Die Lebenserwartung steigt, die Zinsen verharren auf einem Rekordtief und der im Sommer von den Sozialpartnern eingereichte Vorschlag für eine Rentenreform hat einen schweren Stand. Das sind schlechte Vorzeichen für künftige Rentnergenerationen. Die Altersvorsorge ist mittlerweile die grösste Sorge von Schweizerinnen und Schweizern.

Wie skeptisch sind also die Menschen bezüglich ihrer Vorsorgesituation? Glauben Sie, den Lebensstandard aufrecht erhalten zu können und welche Rolle spielt die private Vorsorge in ihrer Planung? Diese und andere Fragen hat die AXA Schweiz in einer repräsentativen Online Umfrage 1016 Personen gestellt.

Trotz der bekannten Herausforderungen in der beruflichen Vorsorge antwortet nur ein Viertel der Befragten, dass sie überhaupt nicht oder eher nicht zuversichtlich sind, den gewohnten Lebensstandard aufrecht zu erhalten. Auch zeigen sich in der Befragung deutliche Unterschiede zwischen der Deutschschweiz und der Romandie.

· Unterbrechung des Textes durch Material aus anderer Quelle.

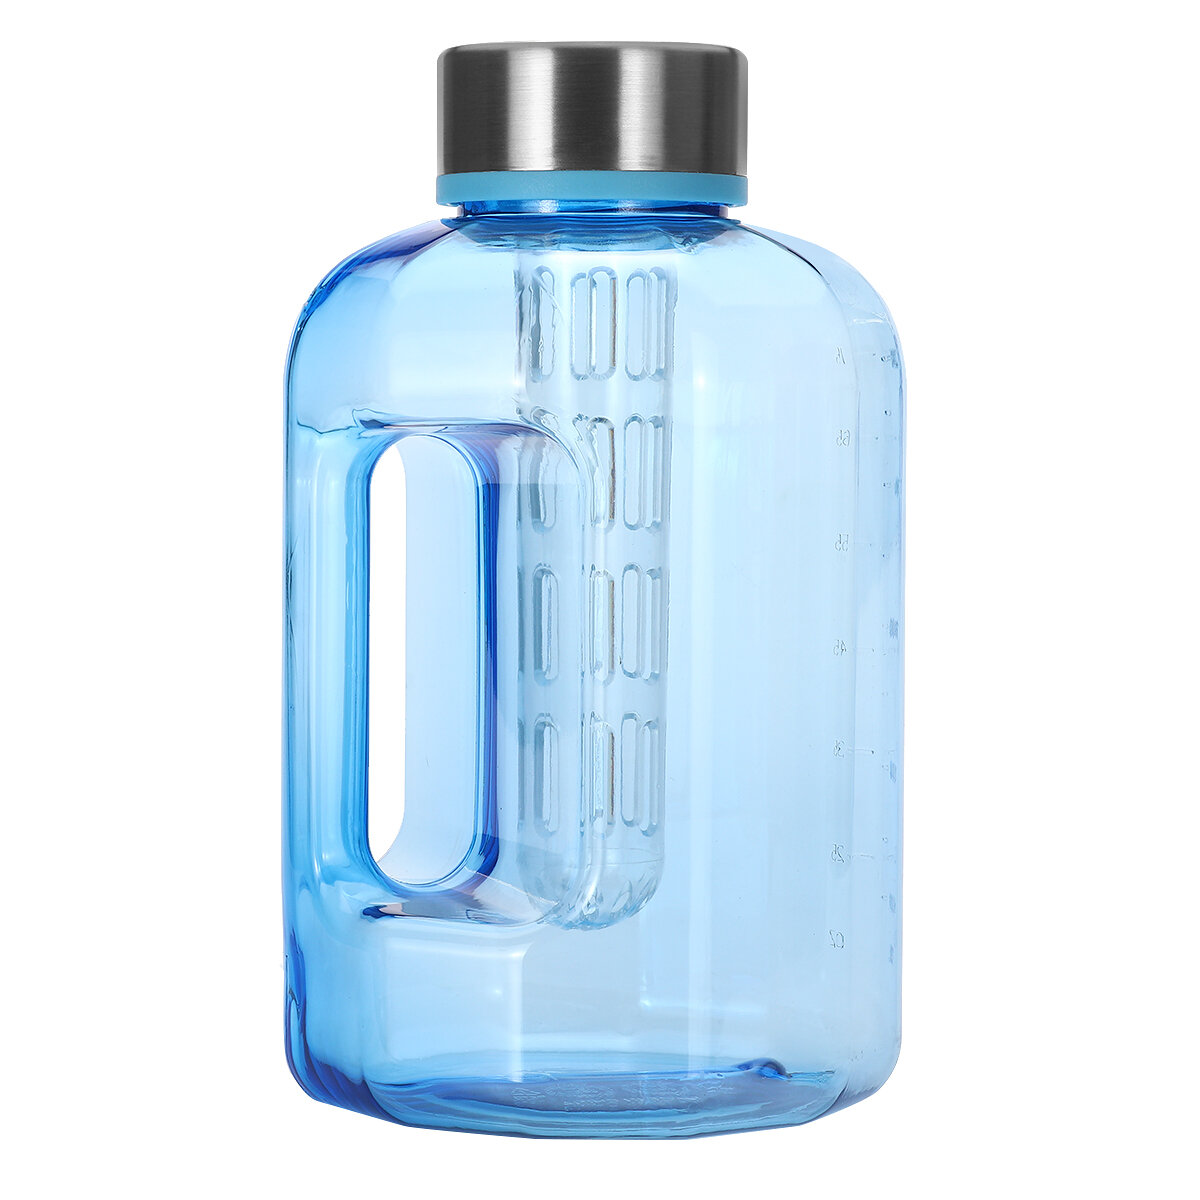 oße Sport-Trinkflasche mit 2,2L/84oz Fassungsvermögen ohne BPA mit Deckel für das Training im Fitnessstudio, Wandern und Radfahren.
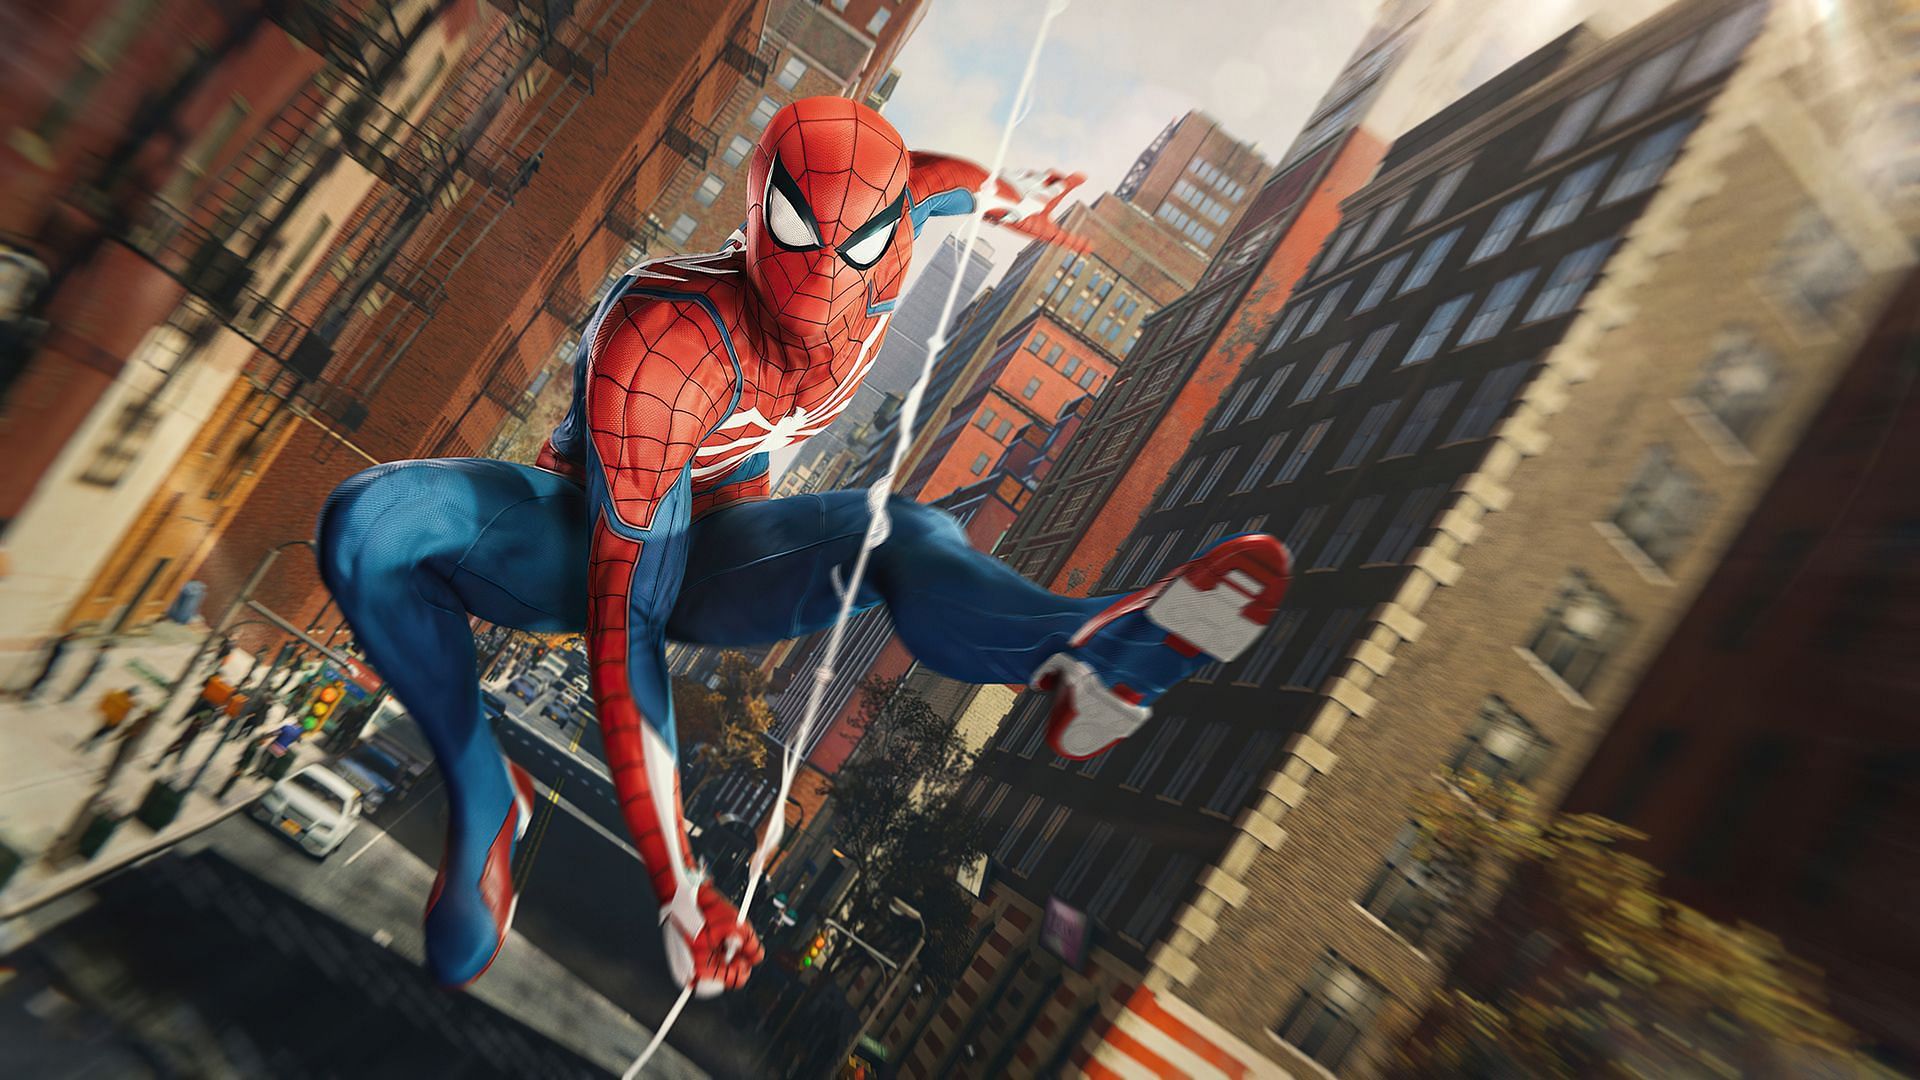 Spider-Man webswinging in Marvel's Spider-Man (Image Credit: Insomniac Games/Marvel/PlayStation Studios)

Während nur 19 Prozent der Befragten in der deutschsprachigen Schweiz davon ausgehen, den gewohnten Lebensstandard überhaupt nicht oder eher nicht aufrecht zu erhalten, sind es in der französischsprachigen Schweiz mit 47 Prozent wesentlich mehr.

Bröckelndes Vertrauen in die 1. und 2. Säule

Die erste und zweite Säule sollen nach der Pension ein Renteneinkommen von rund 60% des letzten Einkommens garantieren und damit verfassungsgemäss den gewohnten Lebensstandard sichern. Doch mit der gestiegenen Lebenserwartung, dem vorherrschenden Tiefzinsumfeld und den politischen Rahmenbedingungen wird es zunehmend schwieriger, diesen Wert zu erreichen. Kristian Kanthak, Leiter Private Vorsorge AXA Schweiz: «Dieser Anteil schmilzt stetig. Wie die Umfrage zeigt, bleiben die Erwartungen an die Höhe der künftigen Rente gleichwohl hoch.» Gemäss der AXA-Umfrage gab mehr als ein Fünftel (21 Prozent) der Befragten an, dass sie mehr als 80 Prozent ihres letzten Einkommens aus der staatlichen- und beruflichen Vorsorge beanspruchen, um den gewohnten Lebensstandard aufrecht erhalten zu können. Das Gros der Antwortenden (37 Prozent) benötigt eine Rente zwischen 61 und 80 Prozent des letzten Lohnes.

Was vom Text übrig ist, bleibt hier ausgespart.